Don’t let good customers make bad decisions

Photo by http://www.flickr.com/photos/lori_greig/
Photo by http://www.flickr.com/photos/lori_greig/

Quick: how many clicks does it take to do something important in your product? Count them. If it seems like too many, it probably is too many clicks if you want the customer to keep coming back. The “too many clicks” problem is a symptom of a bigger problem that you probably have if your product is anything but a version 1.0. The problem? It just takes too many decisions to do anything. And you have a limited amount of good decisions in your day.

“Good decision making is not a trait of the person, in the sense that it’s always there,” Baumeister says. “It’s a state that fluctuates.” (http://www.nytimes.com/2011/08/21/magazine/do-you-suffer-from-decision-fatigue.html?pagewanted=all&_r=0)

When Good People Make Bad Decisions

When you don’t make good decisions, the results are disastrous – both in terms of tactics (do I want to do something in this web site and how do it do it) and strategy (I can make short-term decisions that fall counter to a longer term strategy when I’m frustrated.) Assuming that your site, product, or app only gets some of your customer’s time, you should make the customer’s decision count as much as possible. Otherwise, your customer suffers “decision fatigue.”

What is decision fatigue?

Decision fatigue is literally the physical and mental fatigue that results from expending the energy to make decisions. The more decisions you need to make to solve a problem, the more fatigue. Some people have better decision muscles – they spend their days training themselves to make decisions – and others do not. You should build your product with the most critical decisions in mind that you want the customer to make. And please don’t ask the customer to choose more often than necessary – when you ask for their attention, it should be a meaningful decision that also produces meaningful feedback.

“Nothing in life is as important as you think it is, while you are thinking about it”
Daniel Kahneman, Thinking, Fast and Slow

What can you do about decision fatigue?

There are good ways to cut the number of clicks required for a customer to do something meaningful. You can count the clicks required to do the 20% of actions that happen 80% of the time. (You might call these actions when done well “the Happy Path.”) Now remove one or more of the clicks in these frequently used scenarios, and you just helped many of your customers to complete an important task in your application with fewer decisions.

Swiss Army Knife, or Razor-sharp cutting implement?

As part of your effort to limit decisions, you should have fewer ways for customers to do things. While a multi-tool approach can cover more edge cases, sometimes a tool that does only one thing extremely well is the best choice. Too many products can do “everything,” and typically don’t do one thing well.

How do you do improve the ability for customers to do things? Start by asking more closed questions, e.g. “do you want me to remind you every day or week and at what time?” is a better question than “what’s the best way to remind you?” Then, remove the jargon from whatever’s written there.

Add Learning “Scaffolding”

How do you explain these options? Add “scaffolding” by making learning content that helps the average customer get from “sorta ok” to mostly good. Smart customers who get it will get even more out of this content. You can find these learning themes by identifying the top 10 highest rated and lowest rated knowledge base articles that your customers use and rewriting them.

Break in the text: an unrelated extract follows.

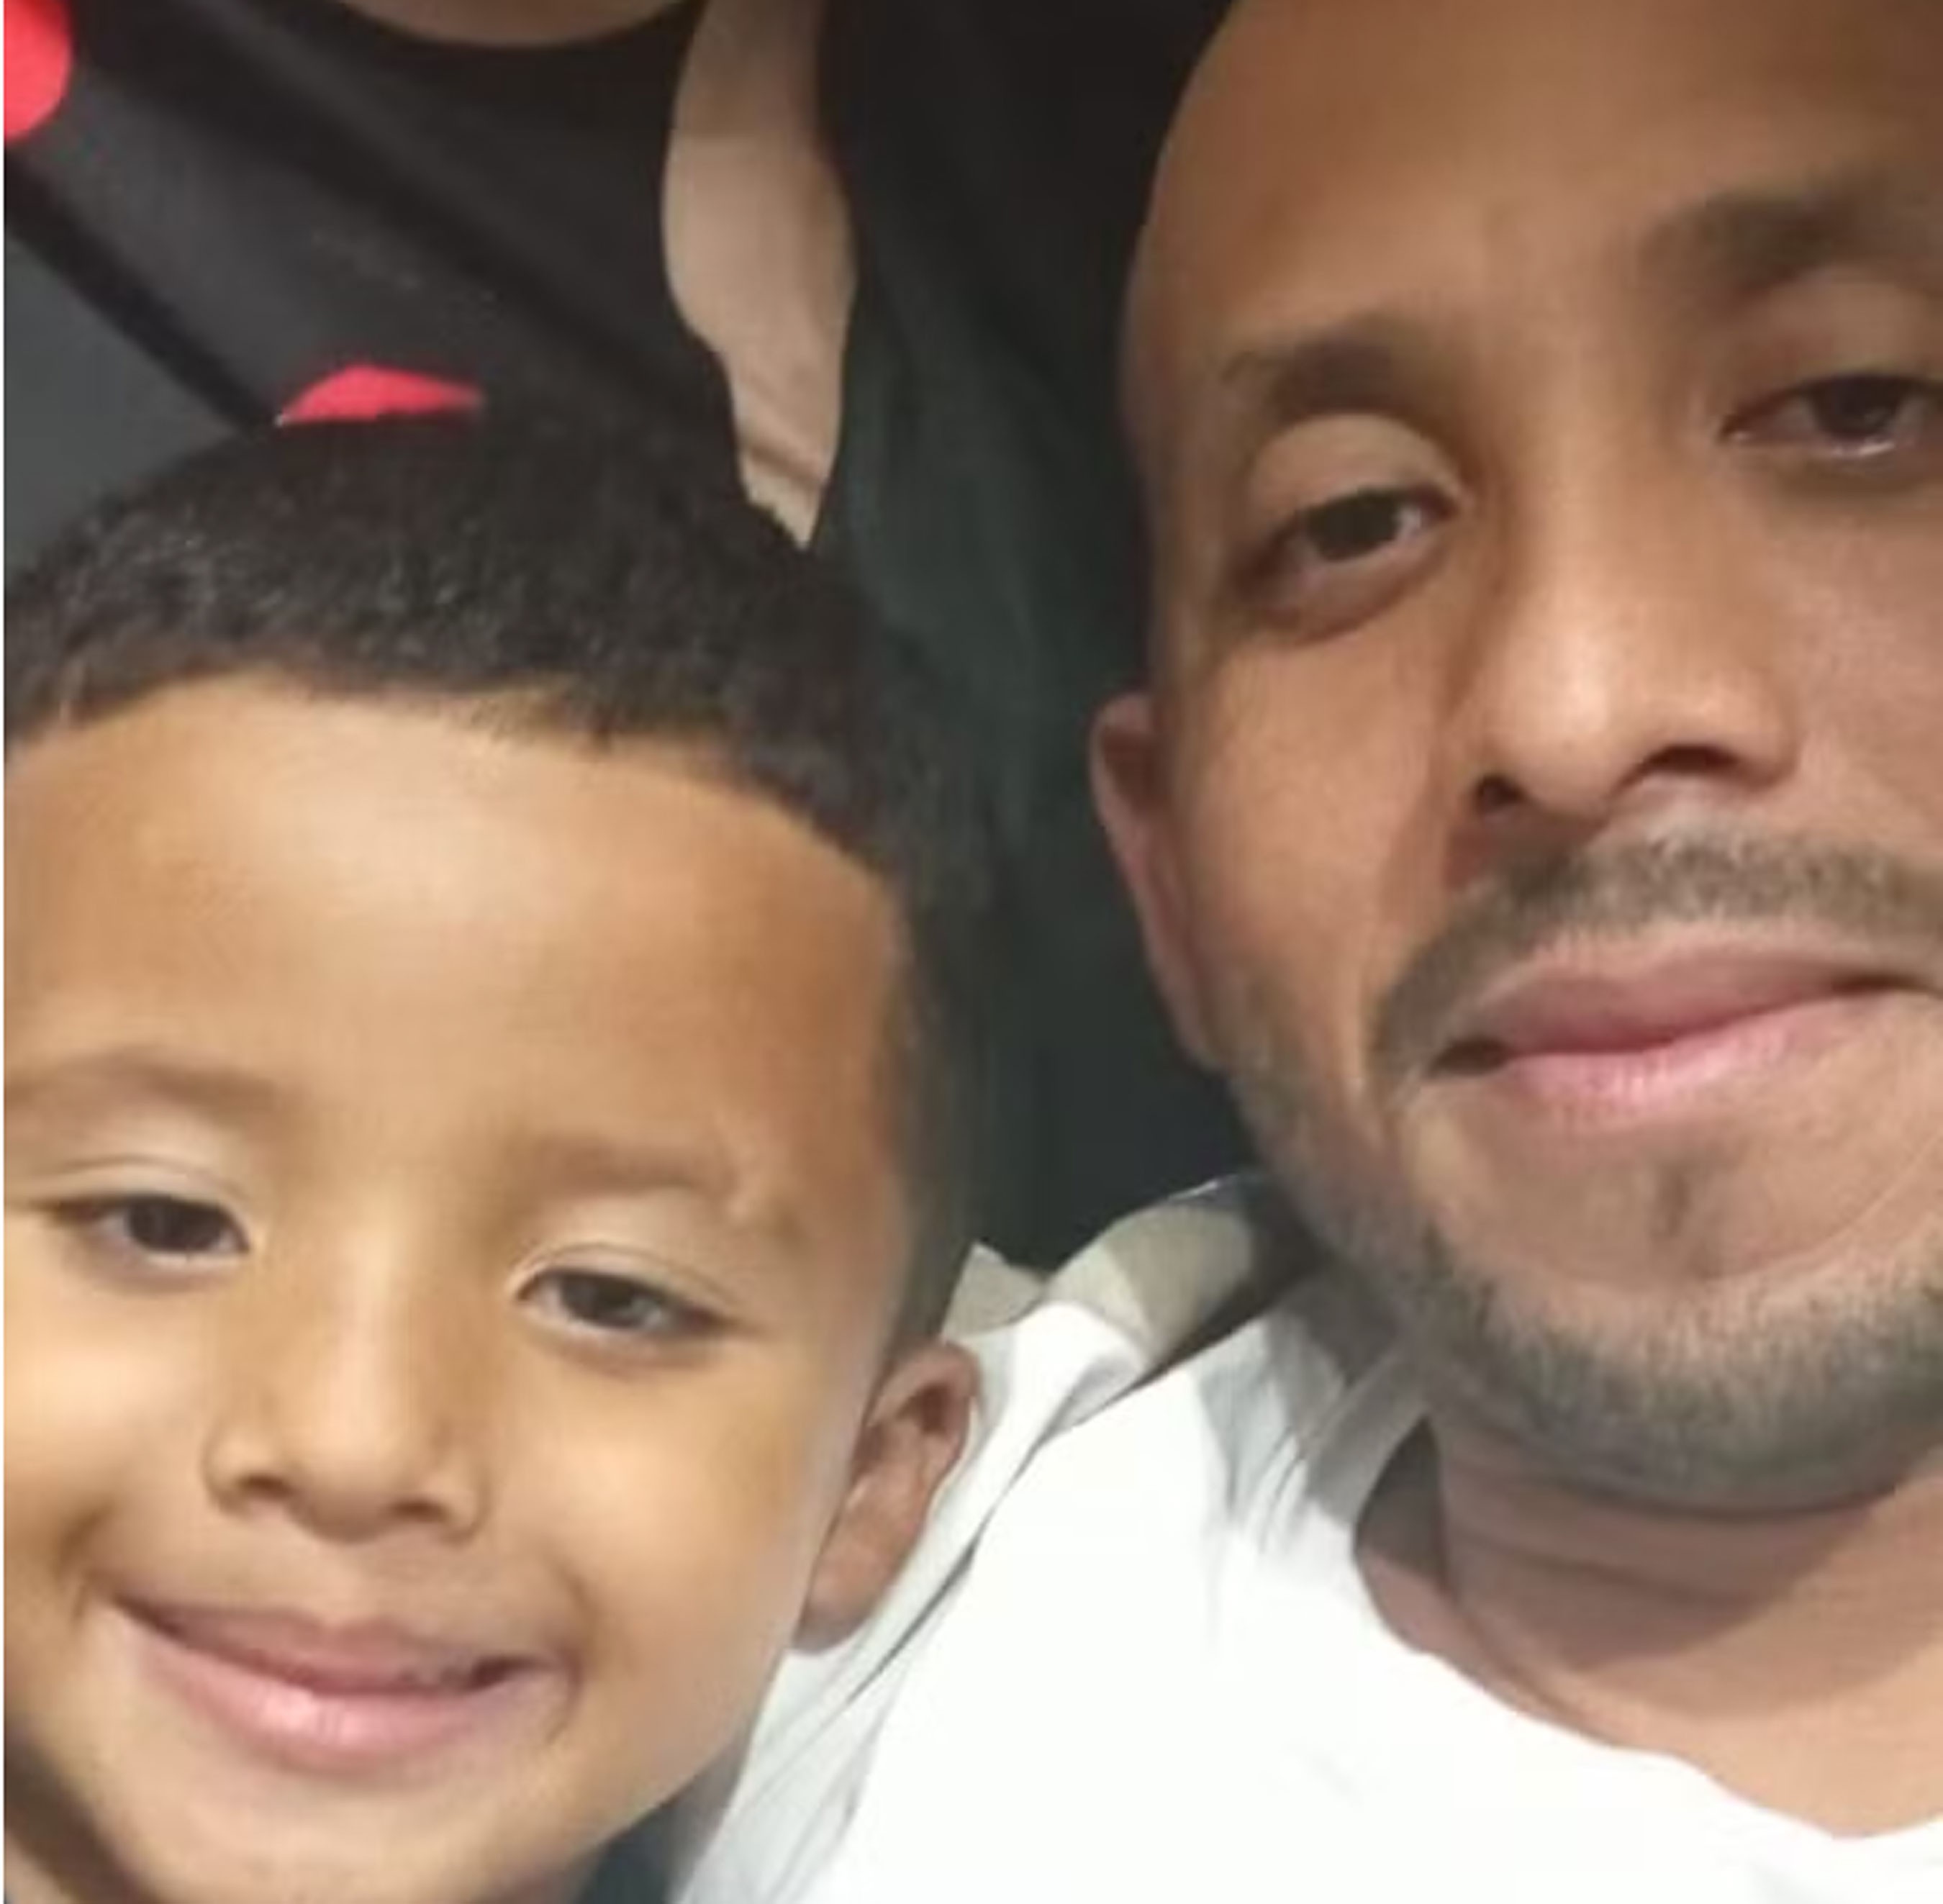 'Era meu filho amado, meu parceirão', diz pai de menino de 4 anos achado morto em piscina

You can find 47 other ways to improve the customer experience here.

Fight Decision Fatigue by Limiting Choices

Lots of choices.
Lots of choices.

You’ve seen it, probably several times today. It’s the opportunity to take in more information and wait before deciding. It could be simple, like “what should I have for lunch?” Or it could be more complicated, like “Where should I live, given all the factors that I know.” Research suggests that decision fatigue is real, and that if you limit the choices for a decision, you’ll be happier. Many retailers disagree, suggesting that more choice is always better. I believe that consciously limiting your choices will help you to make decisions faster and ultimately, will help you to make better decisions.

Can I prove that limiting choices help you make better decisions? Not immediately, but consider the following. If you take the hypothesis that many decisions are equal in value (no, I’m not suggesting all decisions are equal), making these decisions faster gives you information about the result faster. And if you use an evaluation model to allow you to assess, decide, and react (what should I be doing, what are the choices, and what was the result), you’ll know pretty quickly where or not your decision was good. If the decision is higher in value (risk of making a bad decision is higher), then try to break down the big decision into a series of small decisions that will help you avoid not deciding.

Decisions will give you results. Because evaluating whether a decision is “good” is subjective, it helps to make sure that you’re not just picking blindly, or by having a model uninformed by events. Nate Silver’s new book examines both political pundits (they are not accurate very much of the time, it turns out) and groups that offer precise but inaccurate results (ratings agencies managing collateralized securities). Silver points out that the best way to make correct and precise decisions is to test your assumptions, to continue making decisions over time, and to get more data points. Also, if your decisions about big events are very different from the crowd, you might be wrong. Or you might be right only once in a while.

In my experience, lining up the available decisions and knocking them down (adopting the practices popularized by David Allen in his GTD or Getting Things Done method) helps me to make these decisions faster. By spending less time making decisions on small choices, I have more mental energy available to approach bigger questions. What do you think?